Explained a different way, say I'm prisoner 1. I'm looking for the number 1. Locker 1 (in the graph) is a member of exactly one cycle. Thus as long as I start on vertex of this cycle, I will eventually find the number 1. Why? Because SOME vertex in the cycle MUST contain the number 1! (By the definition of cycle.) The only locker that prisoner 1 knows is on the cycle he's looking for is locker 1. He could pick randomly, but then he'd have to be lucky enough to find another member of his cycle (which could be impossible if locker 1's cycle has size 1).

Ok, so now that we know that each locker is a member of exactly one cycle, under what conditions can the prisoners always succeed? Well, if there are NO cycles with size greater than N/2, the prisoners will always win. Why?

Every prisoner knows how to find the cycle containing his number: he starts with the locker with the same number as him (prisoner i opens locker i first). Thus if we guarantee that no cycle has length > N/2, then all the prisoners will succeed. If the max cycle size is N/2, then no matter where you start in the cycle, you will open at most N/2 (=50) lockers before finding your own number. So the probability of success revolves around computing how many orderings of the numbers 1-100 do not have cycles of length > N/2.

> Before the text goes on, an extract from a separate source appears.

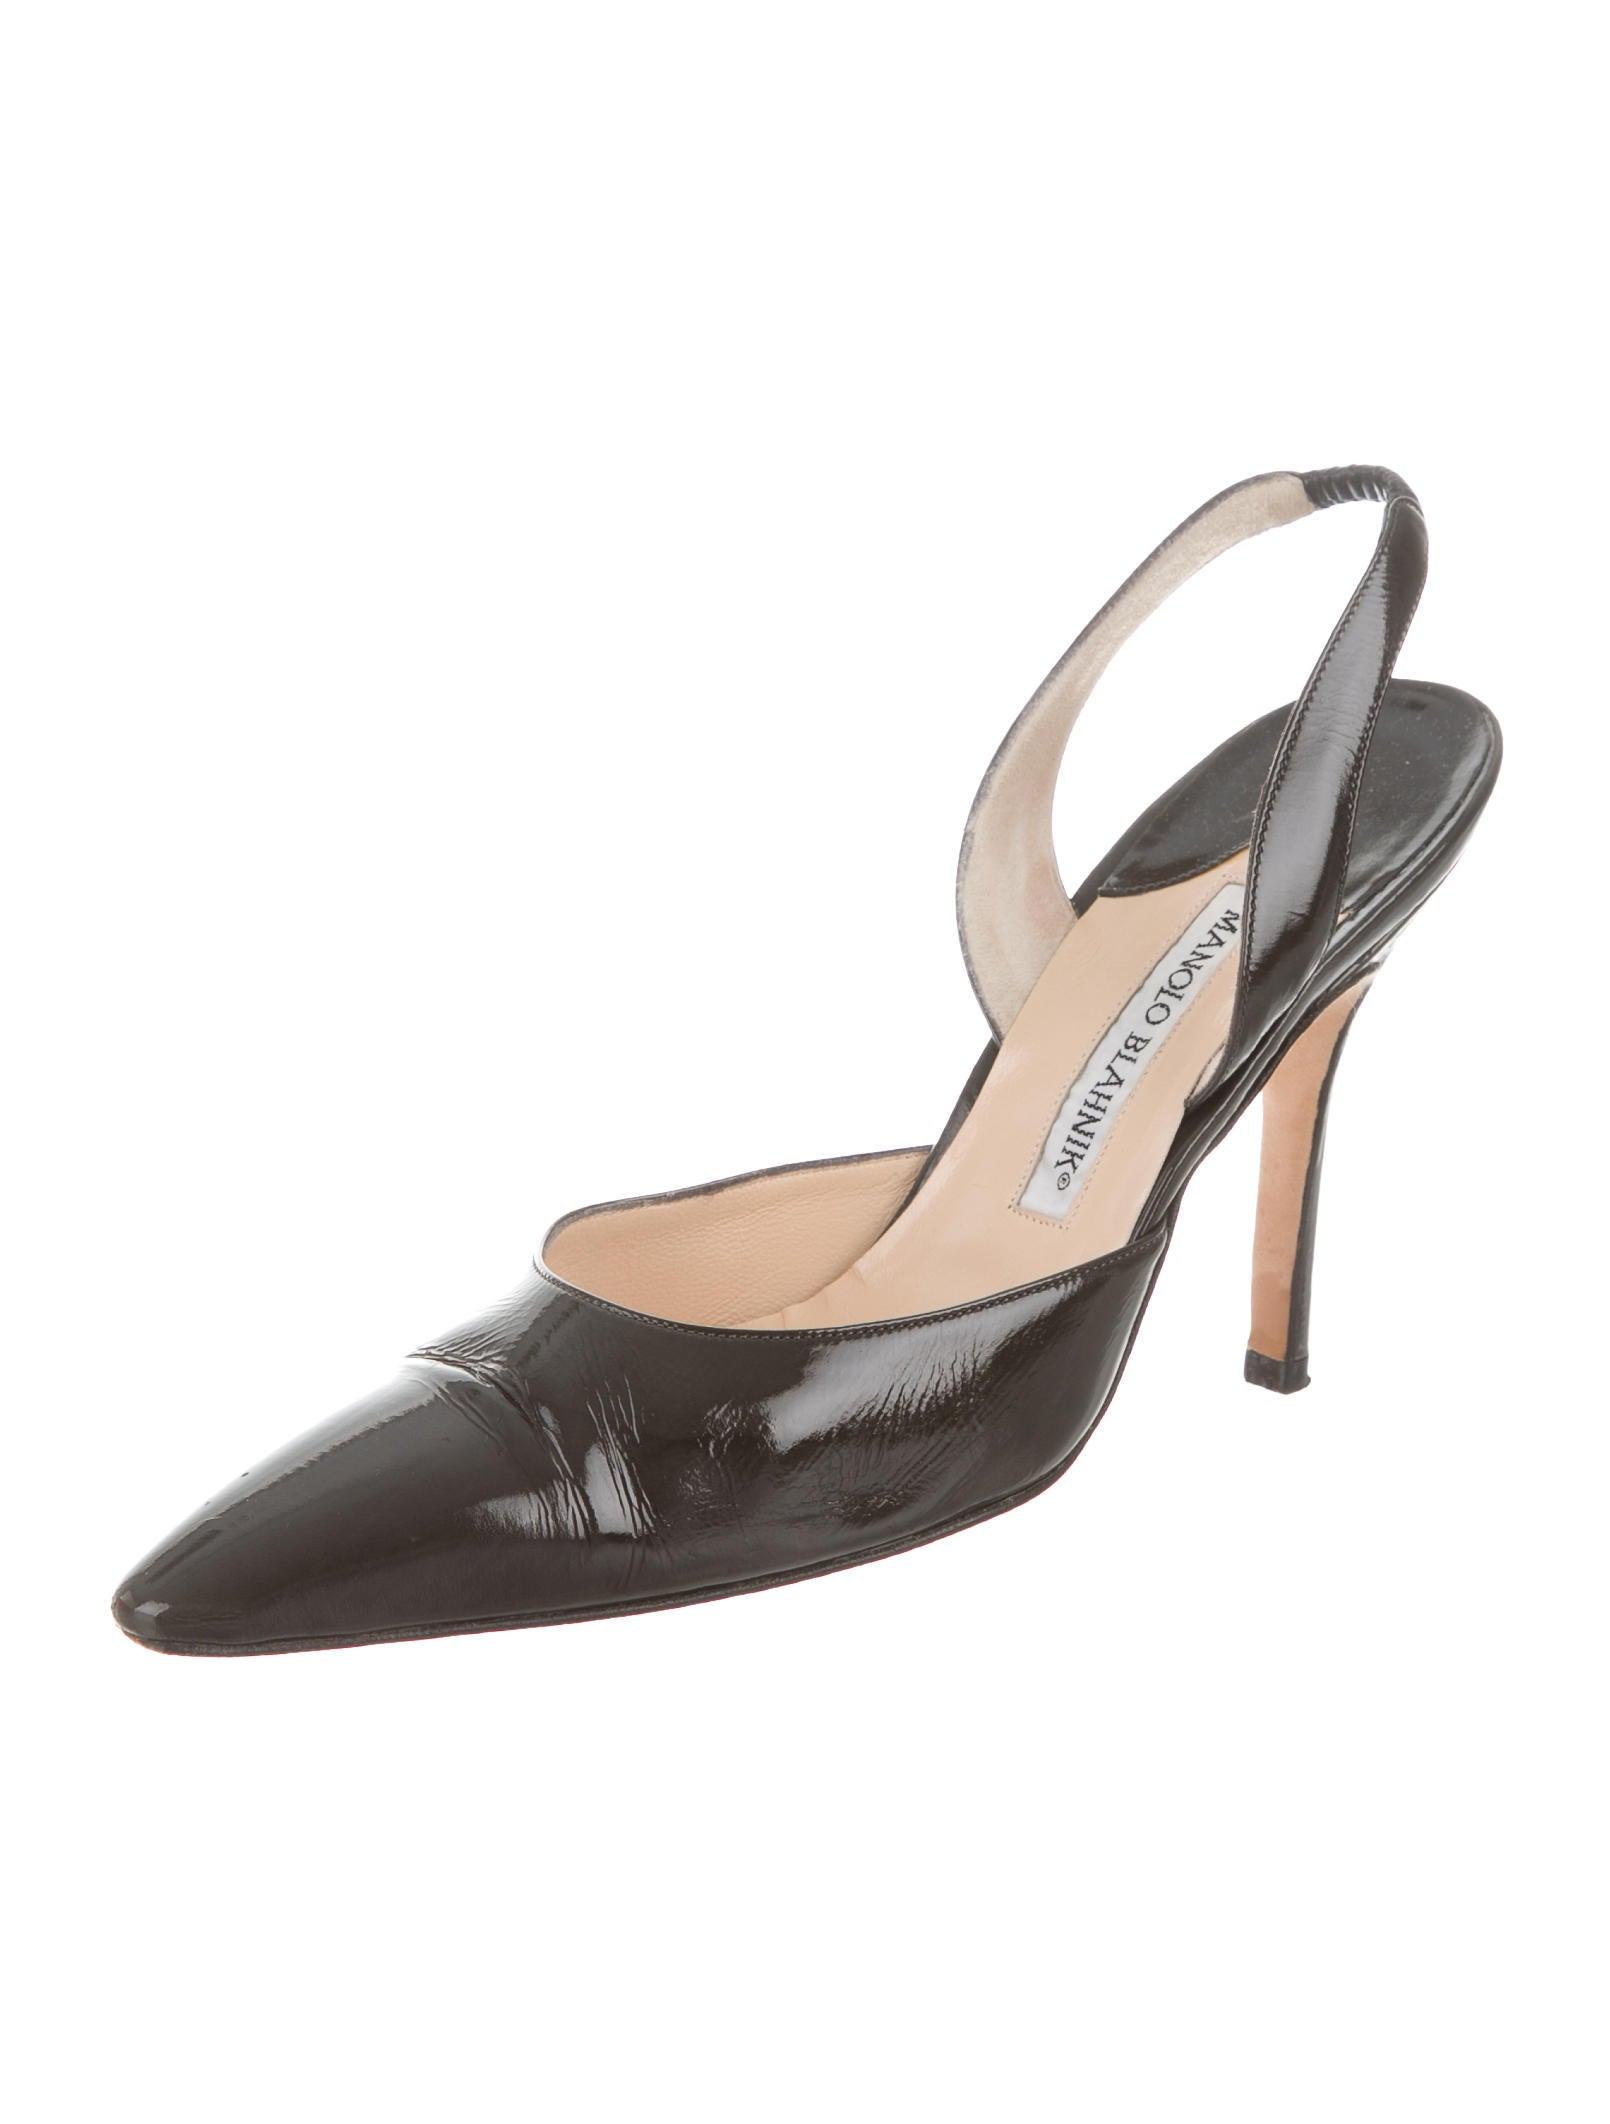 Manolo blahnik carolyne slingback pumps shoes moo60148 for Shoes by manolo blahnik

Now with a counting (permutations) argument, we can show that the probability that this happens approaches 1 - ln(2) = 30.6% as N->infinity. That's actually pretty amazing: not only can the prisoners succeed nearly 1/3 of the time, but the number of lockers & prisoners is irrelevant!

I'm not going to repeat the details of the proof here b/c there's nothing conceptually interesting there. Google if you want to see it or try and work it out.

Why is this better than having each prisoner choose 50 random lockers? Well, in that naive solution, the prisoners are acting with 0 information.

BUT there's actually A LOT of information in this problem! In particular, there are 100 lockers, and they contain numbers from 1-100. Thus there is an underlying graph structure (really even simpler than a general graph since each node has exactly 1 outgoing and exactly 1 incoming edge). And taking advantage of this structure is the key. So even though the prisoners cannot talk to each other, there is a wealth of information that they can derive on their own. You should now see why things like order of prisoners and whatnot totally don't matter since every prisoner truly does act 100% alone.

This is incidentally why I like this problem. The answer forces you to really explore a multitude of CS tools. Even better, it's a graph problem. There are SO MANY real-world scenarios that can (and should be) reasoned about with graphs. They can show relations, states, transport, the list is endless. I'll quote Skiena, author of "The Algorithm Design Manual" (great book btw):
"The key to solving many algorithmic problems is to think of them in terms of graphs. Graph theory provides a language for talking about the properties of relationships, and it is amazing how often messy applied problems have a simple description and solution in terms of classical graph properties."

If the lockers contained a random number from 1 to say 2*N, then this strategy would fail.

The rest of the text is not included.